The prosecutor, Aaron Zelinsky, said the U.S. Attorney in Washington, D.C. was “receiving heavy pressure from the highest levels” of the department to “cut Stone a break.” In an episode that roiled the agency, senior officials earlier this year ordered prosecutors to seek a more lenient punishment than sentencing guidelines suggested.

A jury convicted Mr. Stone in November of lying to Congress and witness tampering, and prosecutors who had handled the case initially recommended he serve more than seven years behind bars. A day later the department reversed itself and asked for less time. Mr. Zelinsky and the three other prosecutors withdrew from the case as a result.

Mr. Stone was ultimately sentenced to around three years in prison. However, the judge criticized what she described as the Justice Department’s “unprecedented” turnabout and said prosecutors were right to endorse a sentence within the guidelines, as they do in the most criminal cases.

The remarks were posted as the Justice Department has come under ongoing scrutiny this week for Attorney General William Barr’s abrupt Friday night dismissal of the U.S. Attorney in Manhattan, Geoffrey Berman. The House Judiciary panel’s hearing, “Political Interference and Threats to Prosecutorial Independence,” is expected to feature testimony Wednesday from both Mr. Zelinsky and John Elias, a 14-year Justice Department official now serving in the antitrust division.

The chairman of the panel, New York Democratic Rep. Jerrold Nadler, has said he expected Mr. Berman to testify before the committee at a later date.

A Justice Department spokeswoman had no immediate comment. Senior Justice Department officials previously defended their decision regarding Mr. Stone’s sentence as appropriate and not driven by requests for leniency from the president. He had tweeted that the initial recommendation was “horrible,” hours before it was reversed.

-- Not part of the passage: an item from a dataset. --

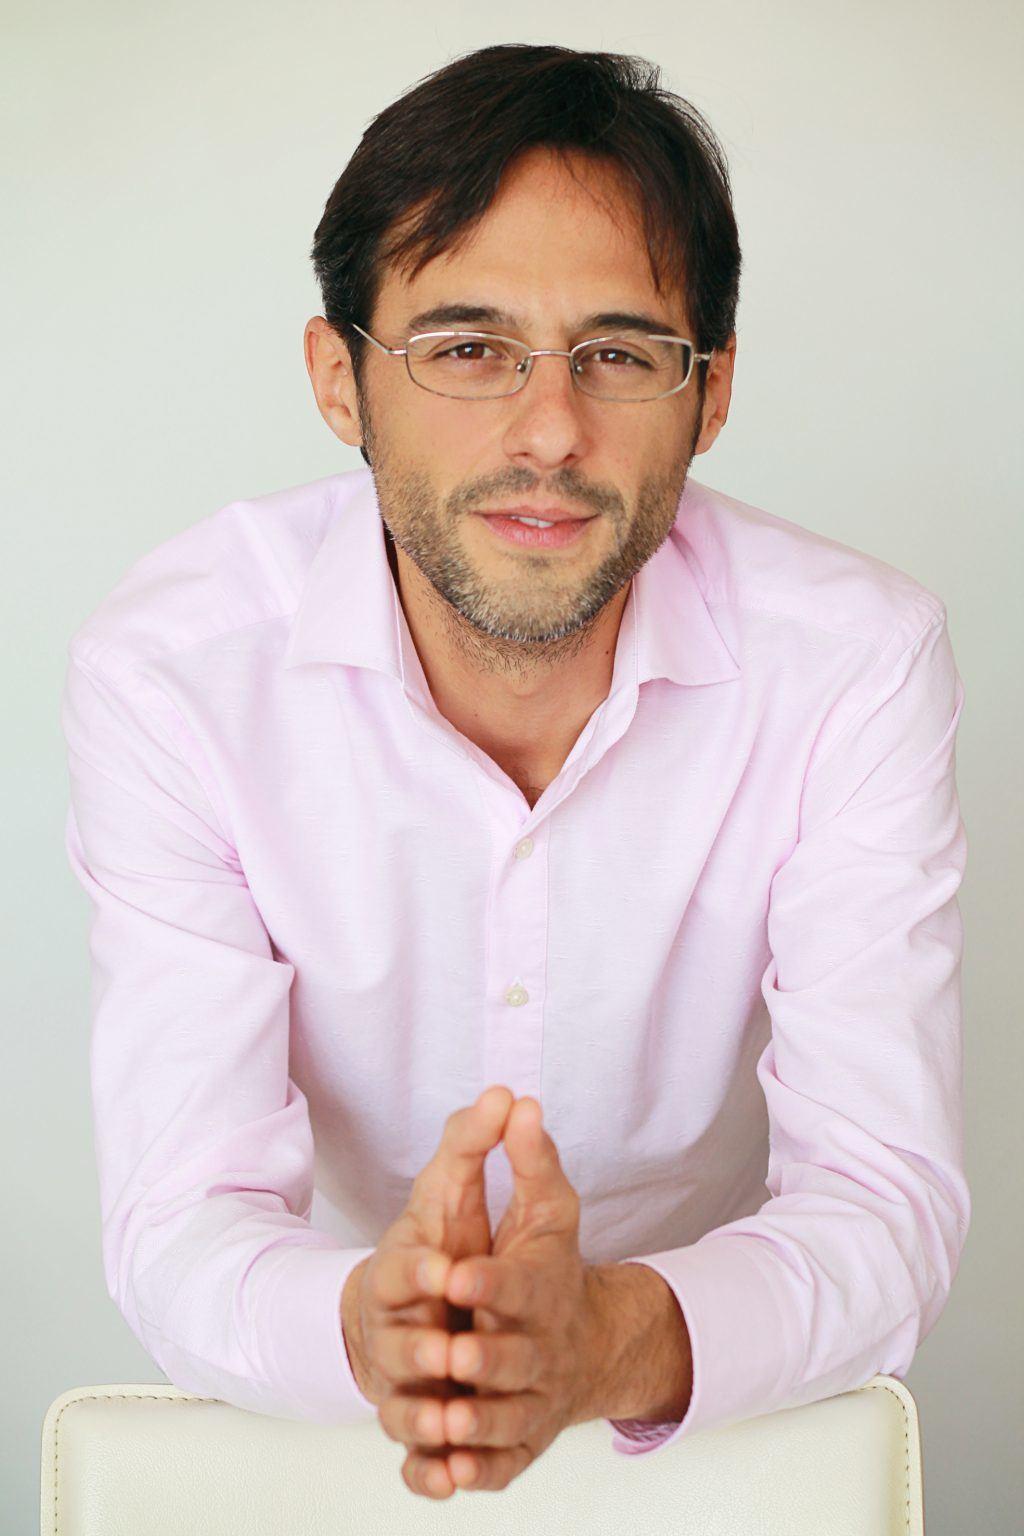 Sergio Fernández - Instituto Pensamiento Positivo

In a 13-page statement, Mr. Zelinsky, who remains employed at the Justice Department and is currently a federal prosecutor in Maryland, described the handling of the sentencing recommendation as “unusual and unprecedented.”

“What I saw was the Department of Justice exerting significant pressure on the line prosecutors in the case to…water down and in some cases outright distort the events that transpired in his trial and the criminal conduct that gave rise to his conviction,” Mr. Zelinsky said.

The prosecutor said he wasn’t himself involved in discussions with political leadership about the case but said the motivations were relayed to him by other supervisors. “I was told that…the U.S. Attorney’s sentencing instructions to us were based on political considerations. I was also told that the acting U.S. Attorney was giving Stone such unprecedentedly favorable treatment because he was ‘afraid of the President,’” Mr. Zelinsky said.

On the antitrust front, Mr. Elias’s written testimony alleges improper political interference in two areas of enforcement. Because marijuana commerce is unpopular with Mr. Barr, the department forced companies in 10 proposed mergers in the cannabis industry to comply with unduly lengthy and expensive government requests for documents and information, Mr. Elias alleged.

He also alleged the department had improper motivations for investigating four auto makers that had reached a tailpipe-emissions deal last summer with the state of California.

Democratic California Gov. Gavin Newsom has previously alleged the probe was an attempt by the Trump administration to prevent more auto makers from joining California and agreeing to stronger emissions standards.

The department closed the investigation in February, finding no evidence of collusion among the car companies.

The Justice Department’s top antitrust official, Makan Delrahim, appeared before the Senate last September and testified that politics played no role in the auto maker investigation.